• [WHAT TO DO]
Exclude images; transcribe the rest of the data exactly.

• [INFORMATION PROVIDED]
•••••

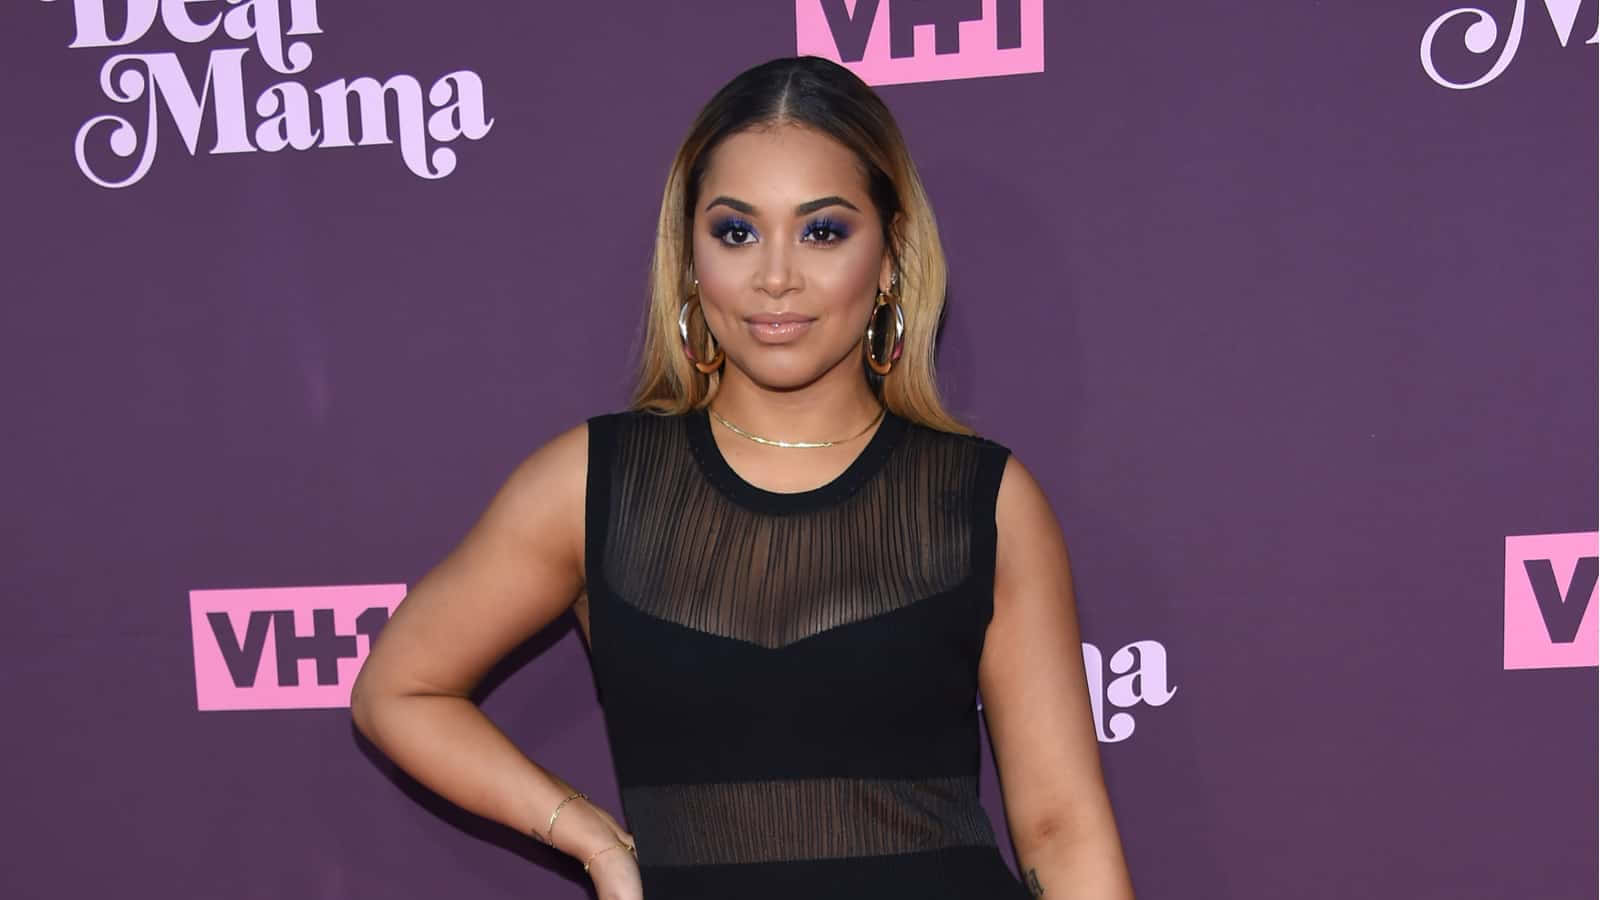 Lauren London Looking Stunning In A Stylish Outfit Background
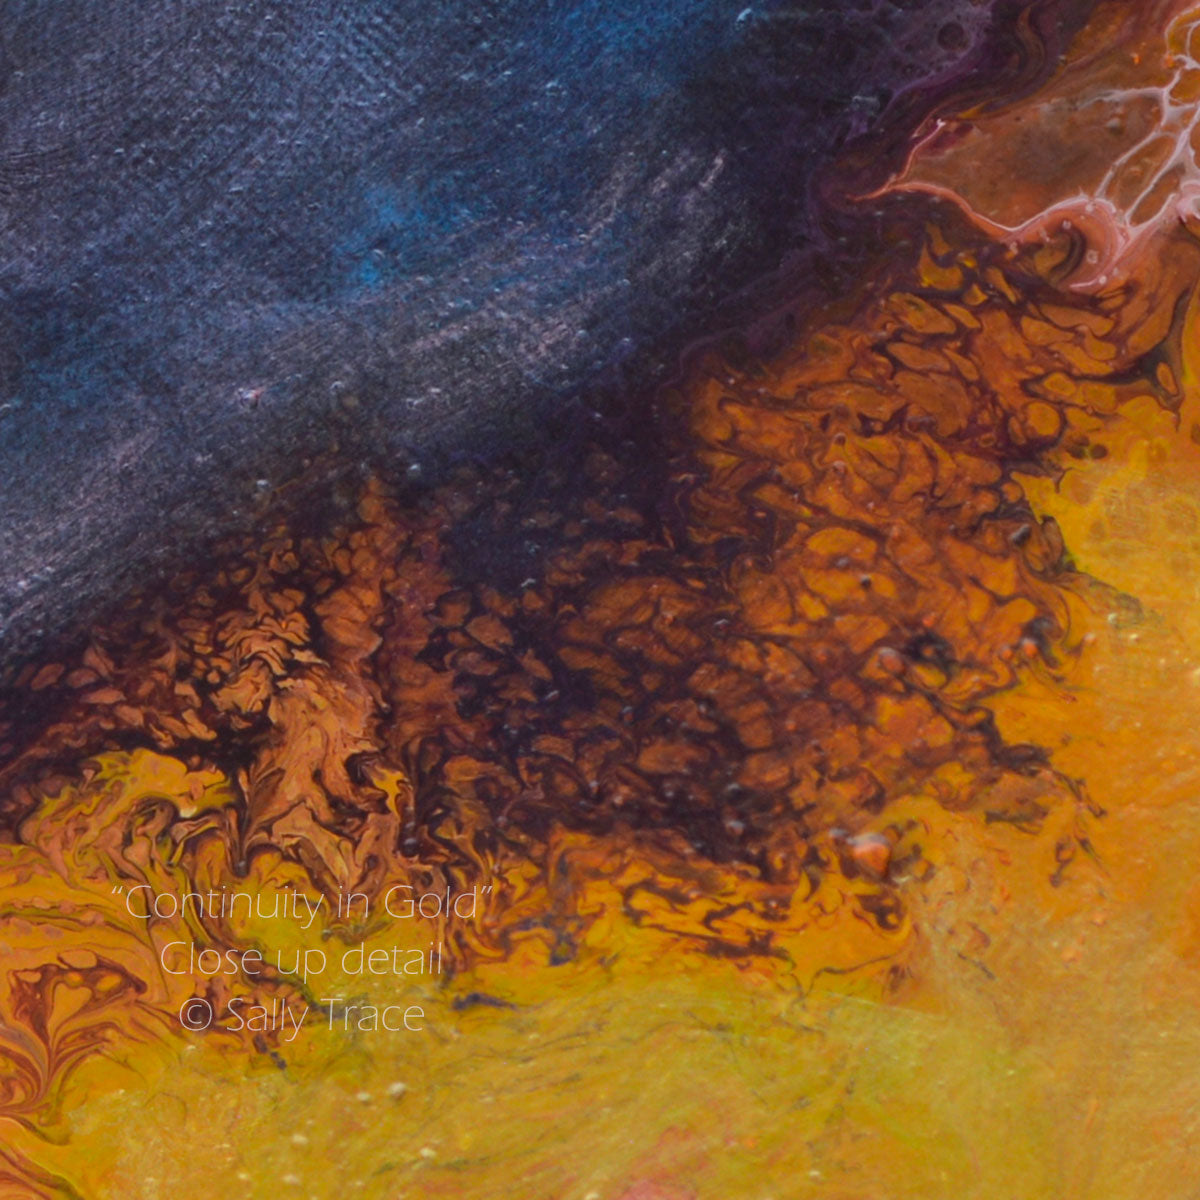 "Continuity in Gold" a fluid art piece with lots of movement, bright and muted tones.  These are giclee prints by Sally Trace.  Art decor for the living room, dining room, office.  Large contemporary fine art for sale, close-up view.
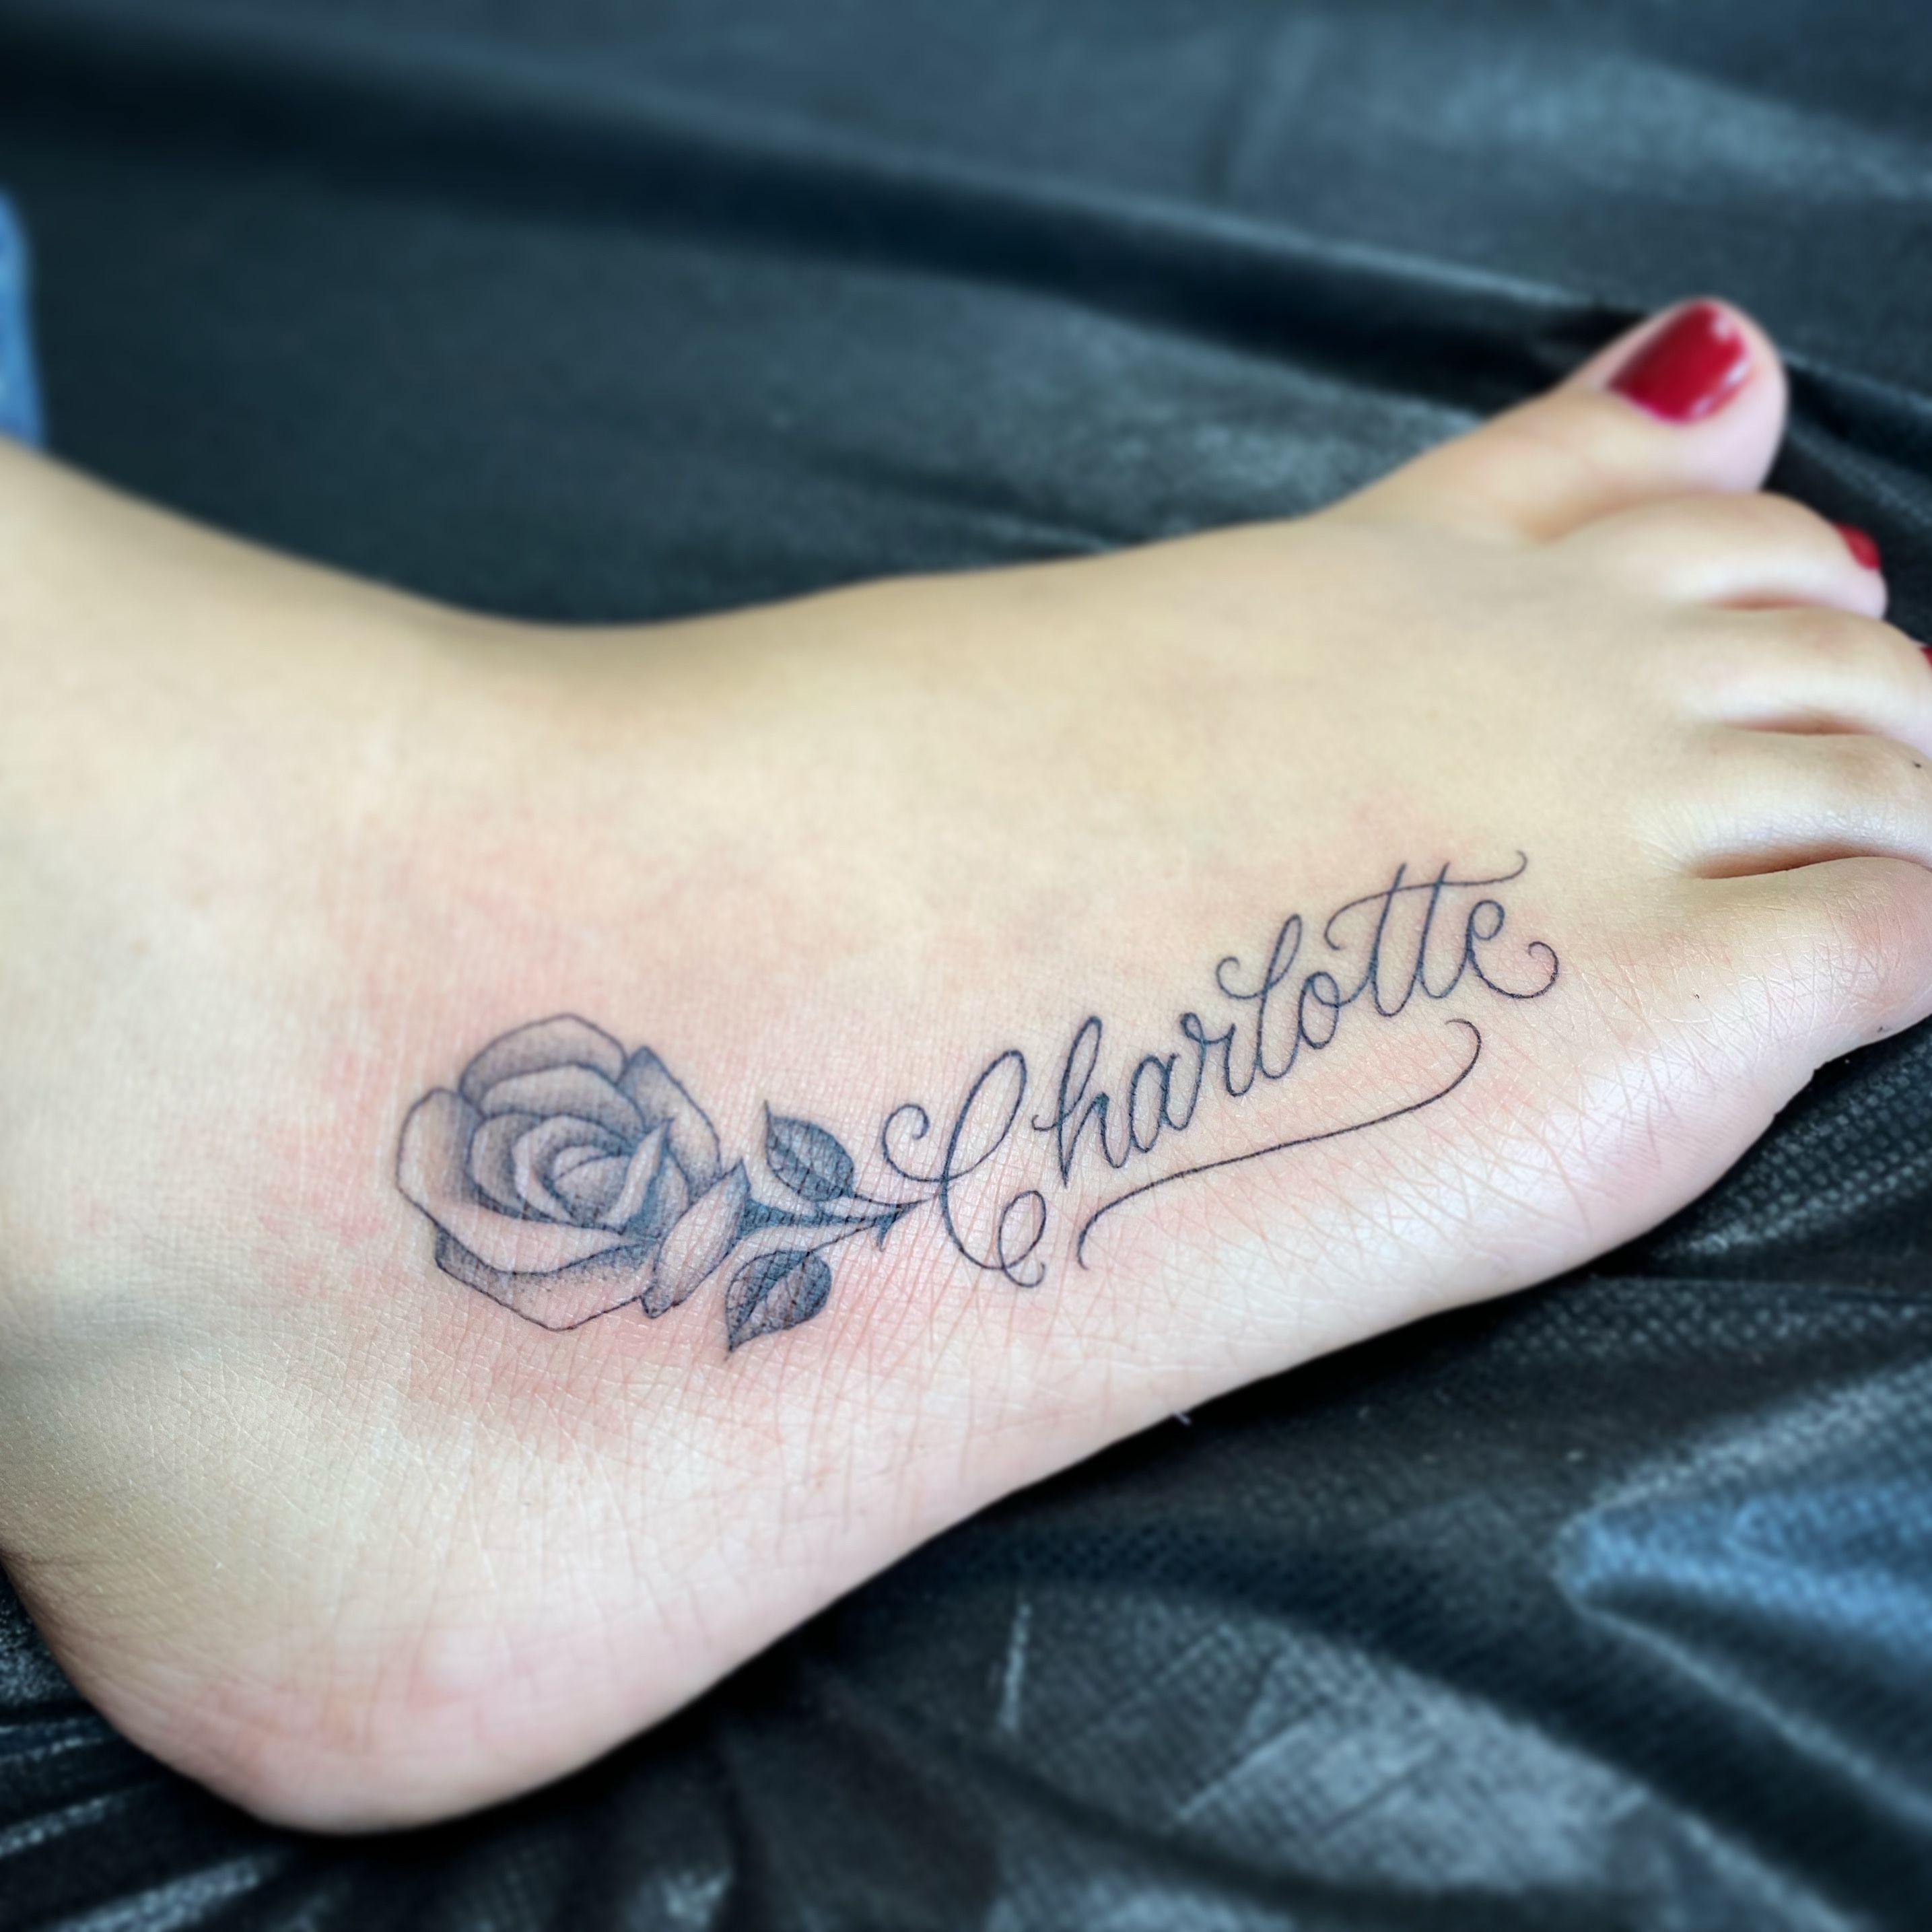 Tattoo uploaded by Charlotte Dolce  Beauty and the beast  Tattoodo
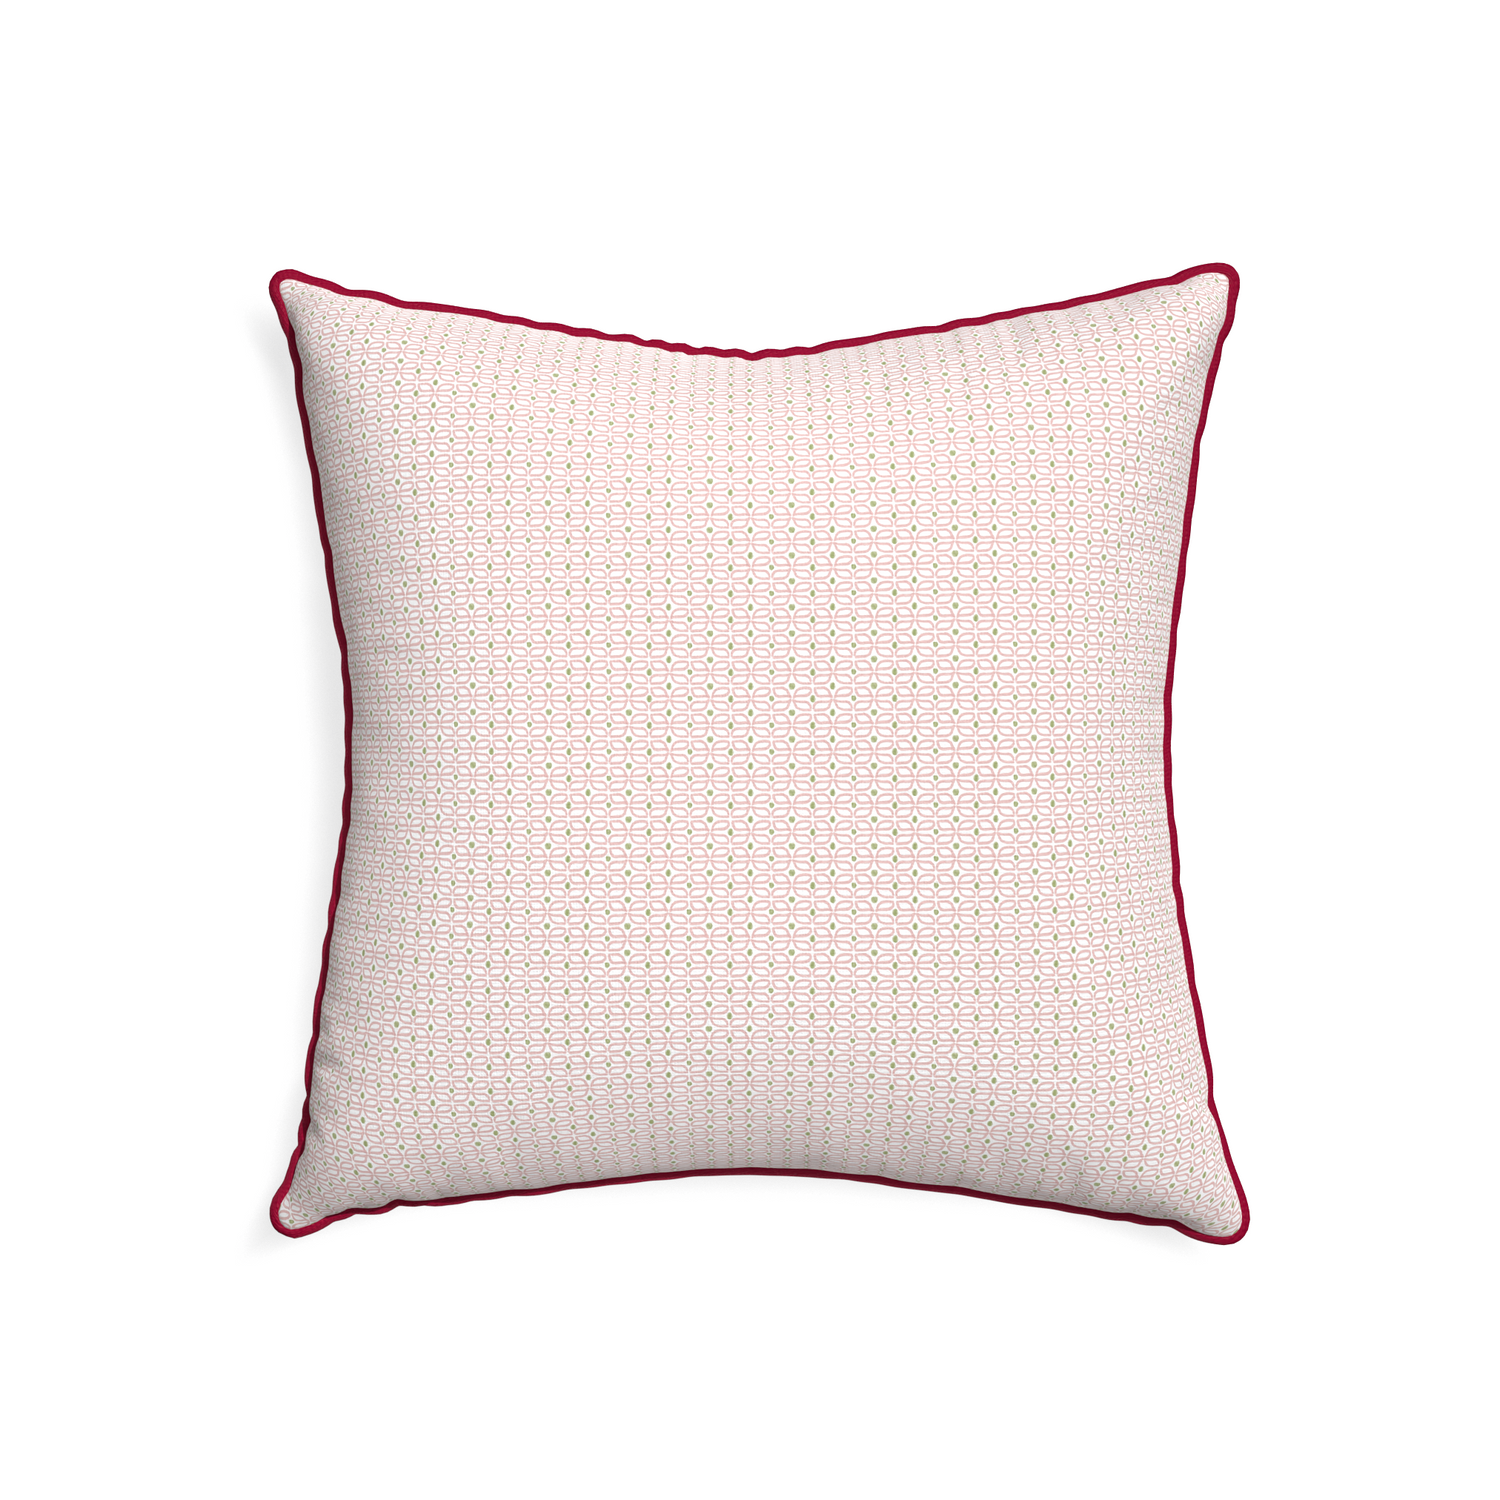 22-square loomi pink custom pink geometricpillow with raspberry piping on white background

•••••

• [TASK RESPONSE]
 Lauren London Looking Stunning In A Stylish Outfit Background
 "Continuity in Gold" a fluid art piece with lots of movement, bright and muted tones.  These are giclee prints by Sally Trace.  Art decor for the living room, dining room, office.  Large contemporary fine art for sale, close-up view.
 Tattoo uploaded by Charlotte Dolce  Beauty and the beast  Tattoodo
 22-square loomi pink custom pink geometricpillow with raspberry piping on white background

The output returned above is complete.